Nancy Meckler rises to the challenge of communicating this tonally elusive problem play to a wider public with intelligence and aplomb in a vaguely 20th-century-dress production that confidently stresses the uncomfortable ambivalences in the piece, even if it's less successful at conjuring up the heart-catching bitter-sweetness of mood in the drama's more tentative and delicate moments.
The deliberate difficulties in All's Well stem from the calculated way in which genres and value systems jar and the dictates of romance grate against the claims of psychological realism. The Countess's son, Bertram, may be a callow unprincipled snob, but when his mother's ward Helena, orphaned daughter of a renowned physician, wins the boy's hand as a reward for curing the sick King, disgust for Bertram's desertion of this still-virgin bride and his absconding to the foreign wars is complicated by the consideration that no one can love to order or cheerfully consent to being married off as a gift-wrapped prize.
In this version, Alex Waldmann doesn't underplay the hero's boorish immaturity but he deftly intimates that Bertram has started, despite himself, to have feelings for Helena before he defects. A reluctant kiss on parting turns into something more spontaneous and passionate.

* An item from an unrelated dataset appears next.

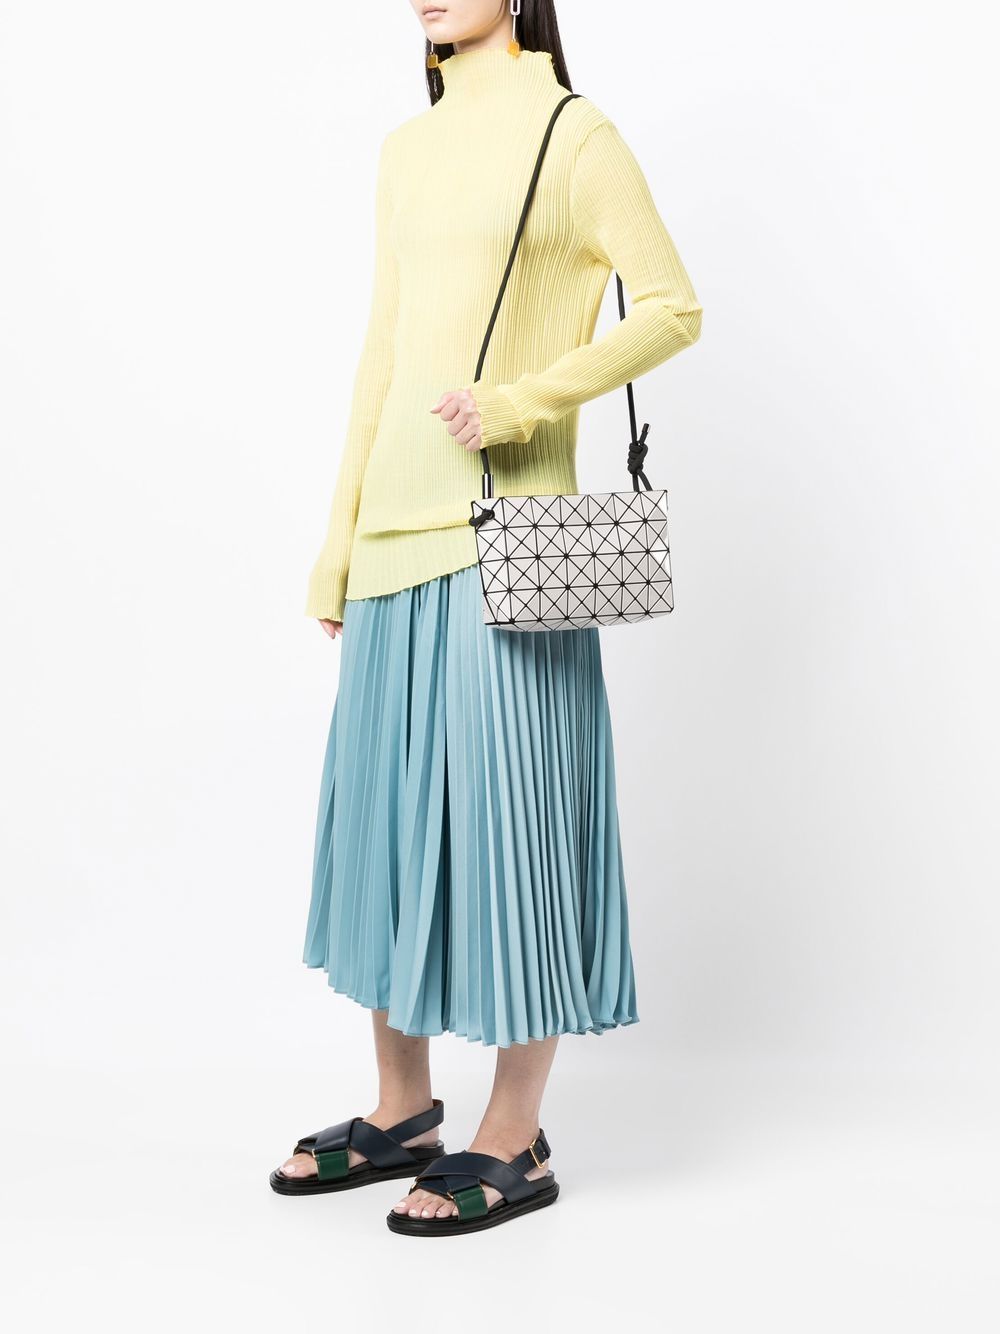 Women's Loop Matte Crossbody Bag by Bao Bao Issey Miyake
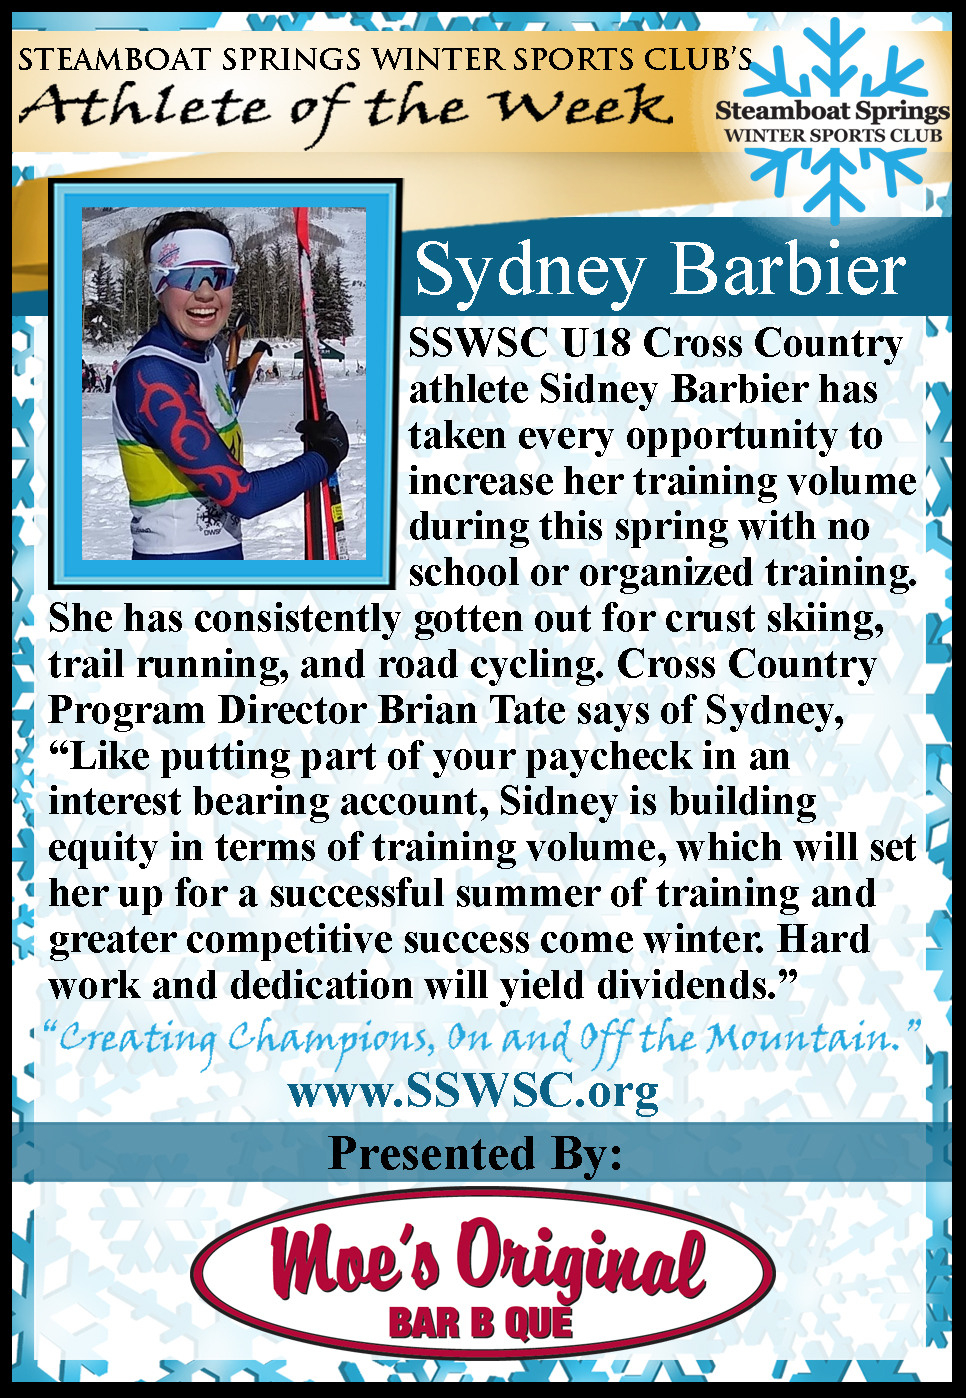 Athlete of the Week, Sydney Barbier

The noisy, balletic war sequences show him deflecting, through the bravado of battle, unfamiliar emotions that he cannot handle. Joanna Horton captivatingly encompasses the heroine's contradictions, combining single-minded determination and an intermittent sense of election at being the channel for impersonal forces with a susceptibility to serious misgivings, as when she succumbs to tearful near-hysteria at the thought she might have driven Bertram to his death.
As false as his punctiliously waxed moustaches, Jonathan Slinger's Parolles disintegrates hilariously from gloating swaggerer to frantic, camp Northern blabbermouth and Meckler ensures that we spot the affinities between the fake ambush that exposes this braggart and the bed trick that ensnares Bertram who is here, in a touch of mitigating irony, evidently shell-shocked at the time by the news of Helena's “death”.
George Bernard Shaw described the Countess as “the most beautiful old woman's part ever written” and the excellent Charlotte Cornwell corroborates that view through a performance that richly mingles wry, humane authority and a silvery, piercing identification with the travails of a young woman in love.